If I'm a payer and I have proprietary scopes defined for OAuth2 and retrieval of PHI, can I use those in the authorization process and be compliant with SMART Application Launch Framework or should I be using scopes that are resource specific as stated in the spec?

view this post on Zulip Josh Mandel (Aug 24 2020 at 20:54):

If you are hosting a fhir API, then the expectation is that you would support smart scopes. If you need to expose access to something other than fhir resources, you can always extend the scope set -- we recommend prefixing any such "extension" scopes with __ to ensure that your names never conflict with Scopes that we define in the future.

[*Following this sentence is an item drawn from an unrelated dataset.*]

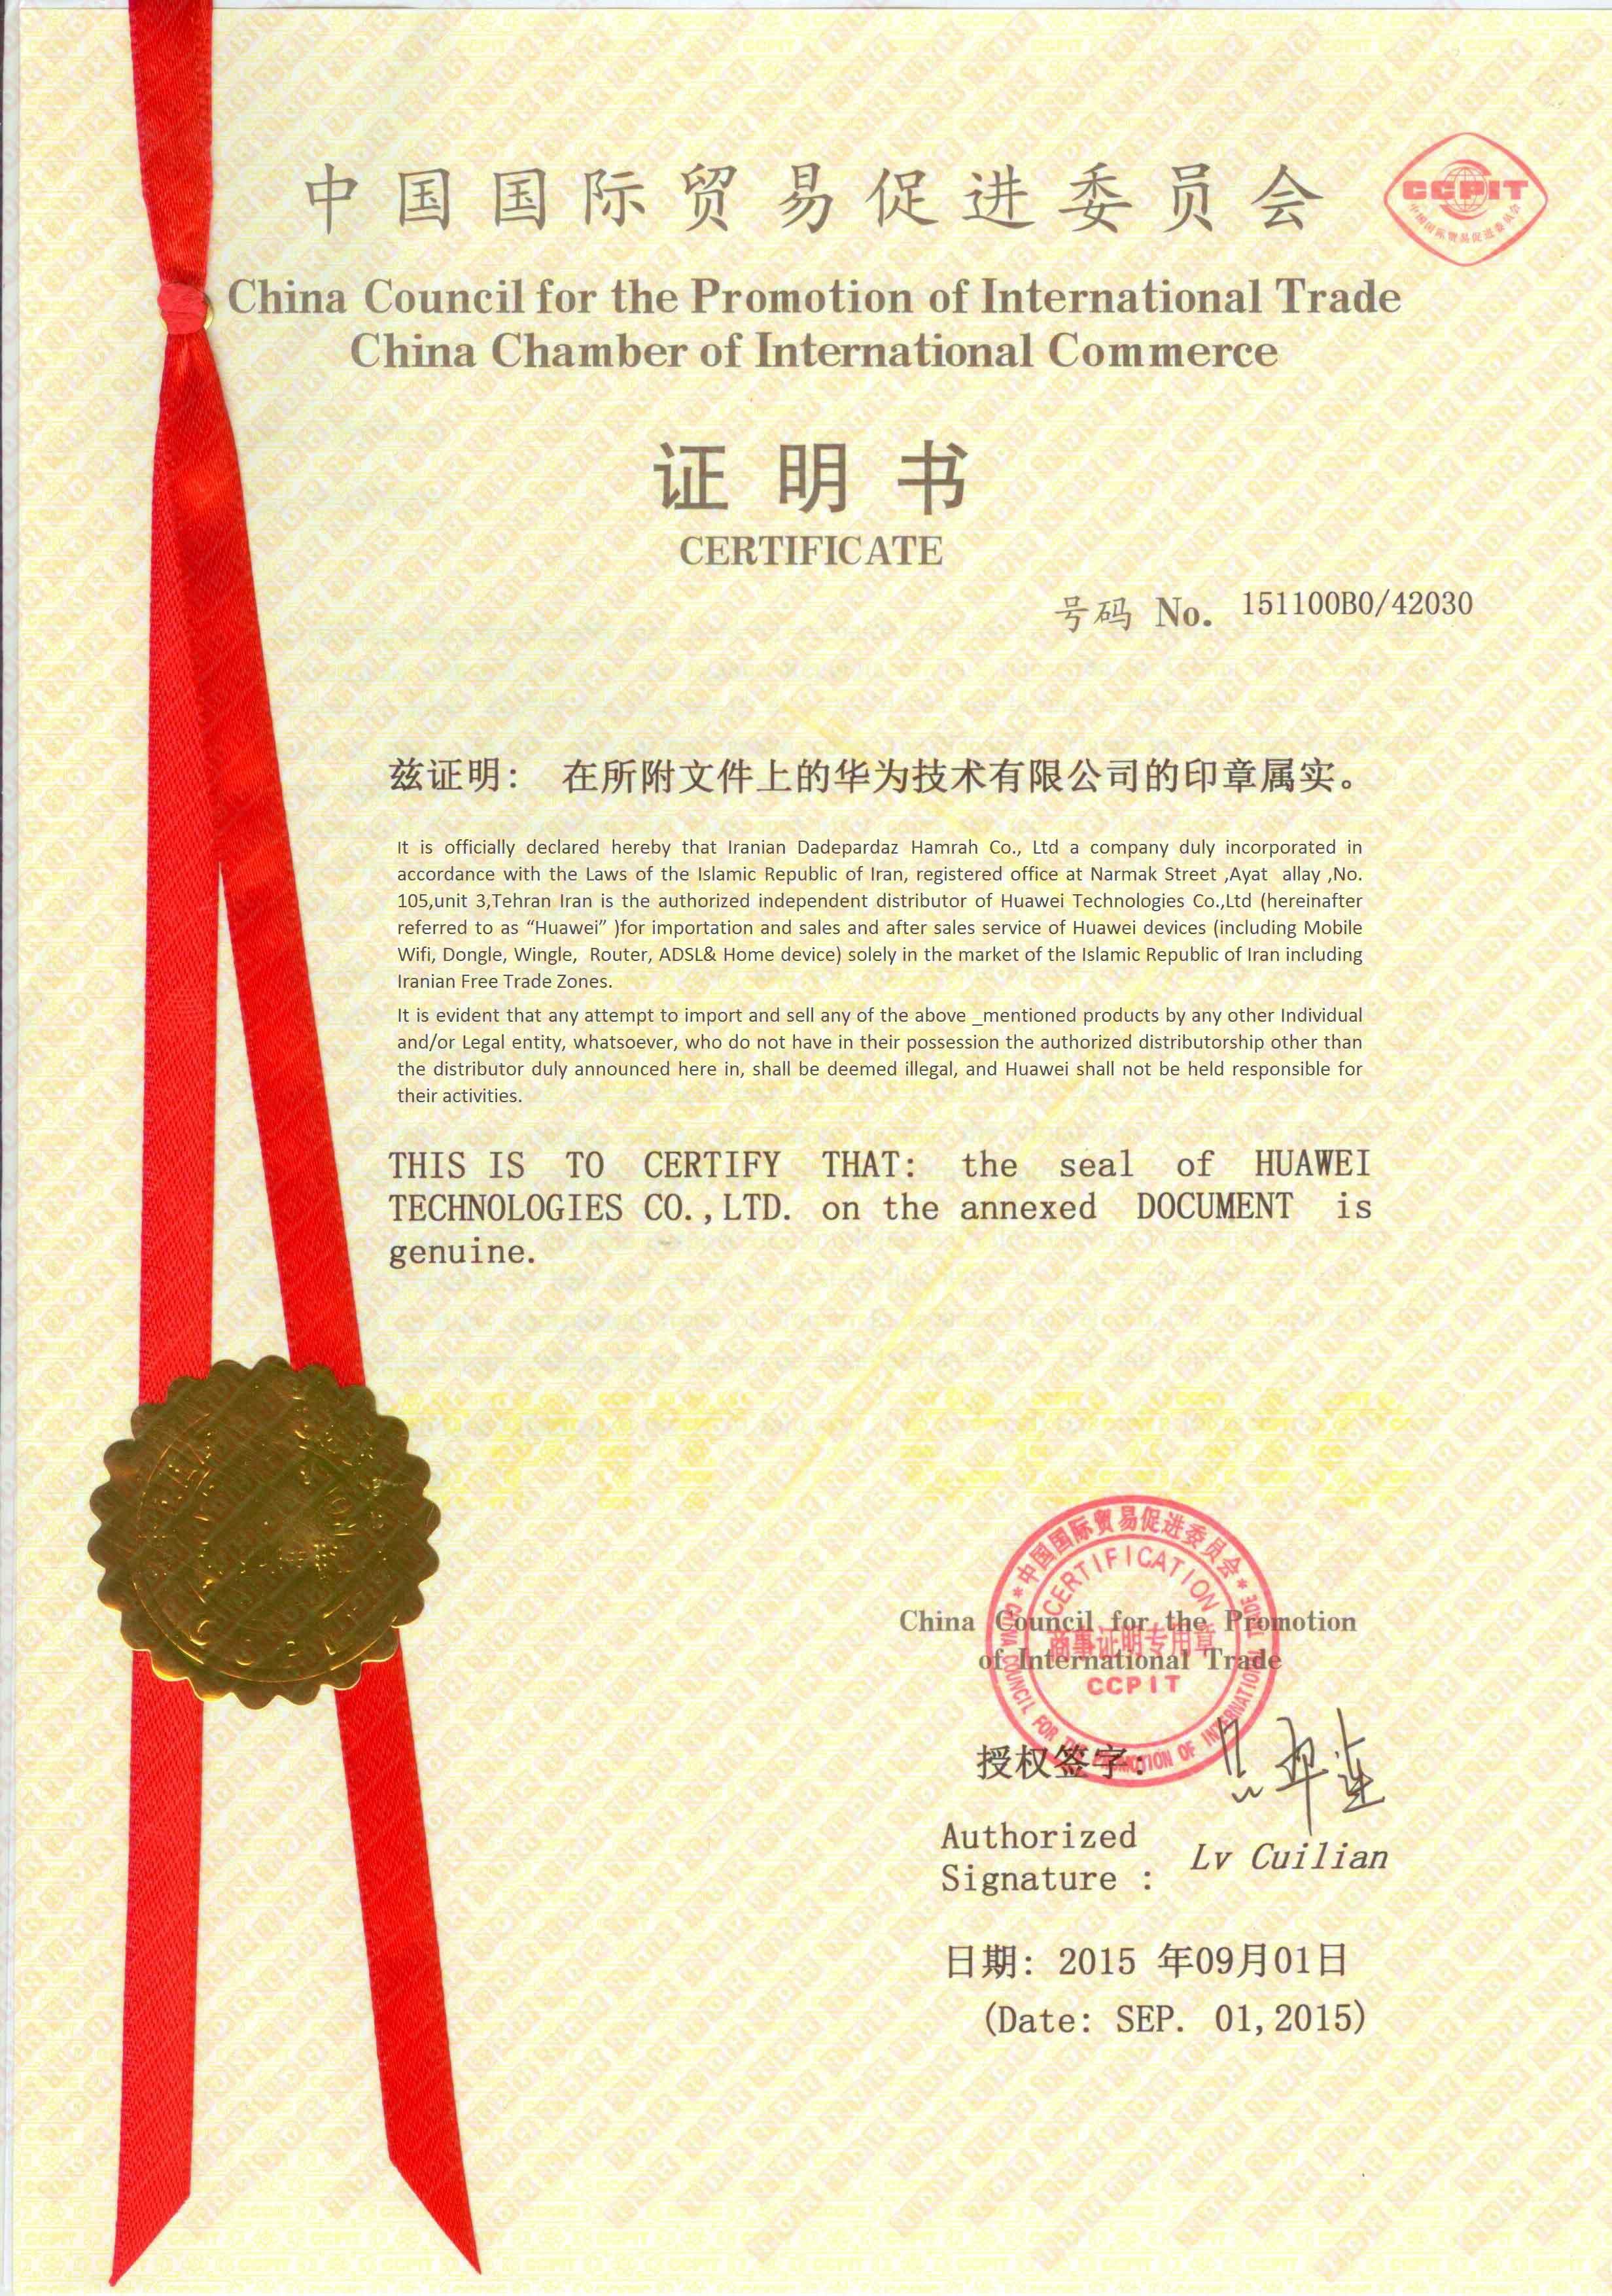 huawei-certificate-1

view this post on Zulip Douglas DeShazo (Aug 24 2020 at 21:04):

Thanks @Josh Mandel

view this post on Zulip John Moehrke (Aug 25 2020 at 12:52):

Josh Mandel said:

If you are hosting a fhir API, then the expectation is that you would support smart scopes. If you need to expose access to something other than fhir resources, you can always extend the scope set -- we recommend prefixing any such "extension" scopes with __ to ensure that your names never conflict with Scopes that we define in the future.

Correction. If you are declaring support for SMART-on-FHIR, then... SMART-on-FHIR is just one of many implementation guides on OAuth standard for use with FHIR. There might be a stronger desire to use SMART-on-FHIR in the argonaut community, but it is not absolute..... right @Josh Mandel ?

view this post on Zulip Josh Mandel (Aug 25 2020 at 13:40):

To be clear, the initial question was about how to be compliant with the SMART App Launch IG.

In the context of the Argonaut project and more broadly in the context of ONC's US EHR certification program, the SMART App Launch specification is a requirement, which of course drives wider interest. These requirements in turn flow out to payers, since CMS named the ONC-adopted SMART IG in their final rule as well.

view this post on Zulip Josh Mandel (Aug 25 2020 at 13:41):

(Even more broadly: John is correct that a FHIR server can implement any kind of security system it wants if no other constraints or obligations apply. We do encourage folks to take advantage of SMART or specific pieces that are useful -- like scopes -- rather than reinventing the wheel.)